В этом направлении разум связывает вещи настолько строго и без исключений, что даже вещи сами по себе, которые могут быть вынуждены лишь неожиданно произвести слабое впечатление на наши чувства, сразу же становятся для нас существенными, как, например, чистый азот, о существовании которого можно было бы только догадываться, поскольку он не способен ни дышать, ни гореть.
Только на основе этой идеальной связи мы приходим к концепции целостного мира; ведь с ее помощью мы также объективируем все те впечатления, которые интеллект не может облечь в свои формы, пространство и материю, такие как звуки, запахи, бесцветные газы и т. д. Эта связь не опасна, пока я осознаю, что это идеальная связь.

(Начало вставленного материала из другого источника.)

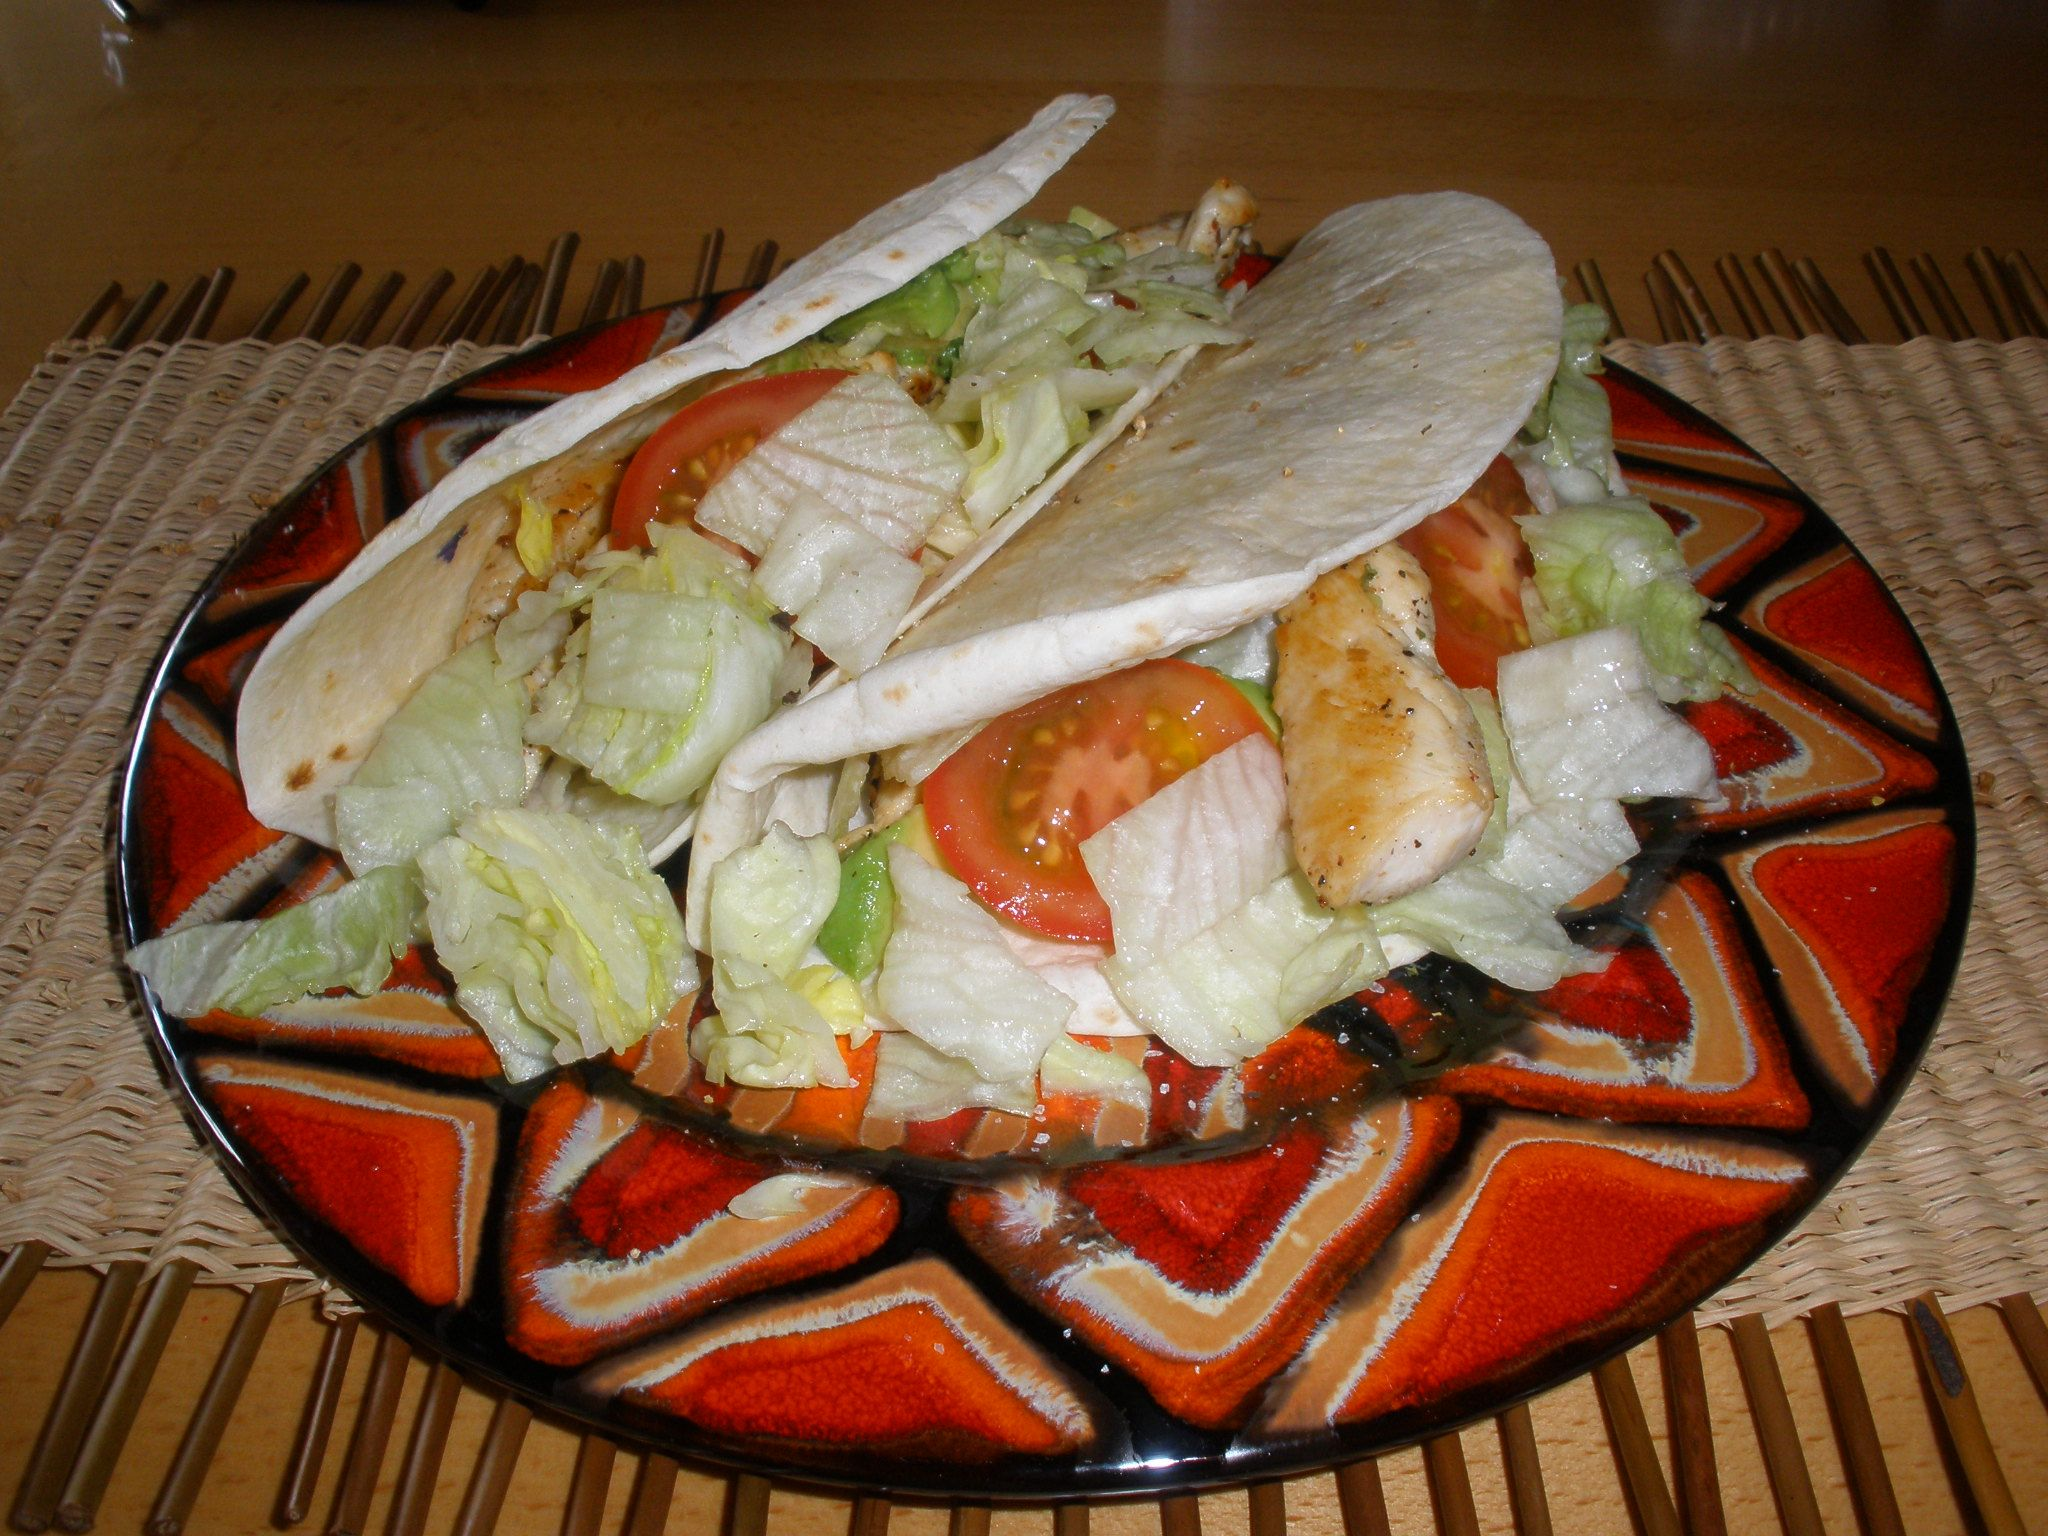 My mexican evening and delicious Chicken Fajita.

Эта связь не представляет опасности, пока я осознаю, что это идеальная связь. Если принять его за реальность, то возникает неуклюжий и тем самым трансцендентный материализм, практическую пользу которого я признаю в своей работе, но которому неумолимо нужно показать дверь в теоретической области. Шопенгауэр то отводил от него руку, то дружески протягивал ее ему, в зависимости от того, помещал ли он в своей прискорбной одиссее материю в субъект, или в объект, или в вещь в себе, или между тем и другим. Мы не были виновны в этой неудачной полумере.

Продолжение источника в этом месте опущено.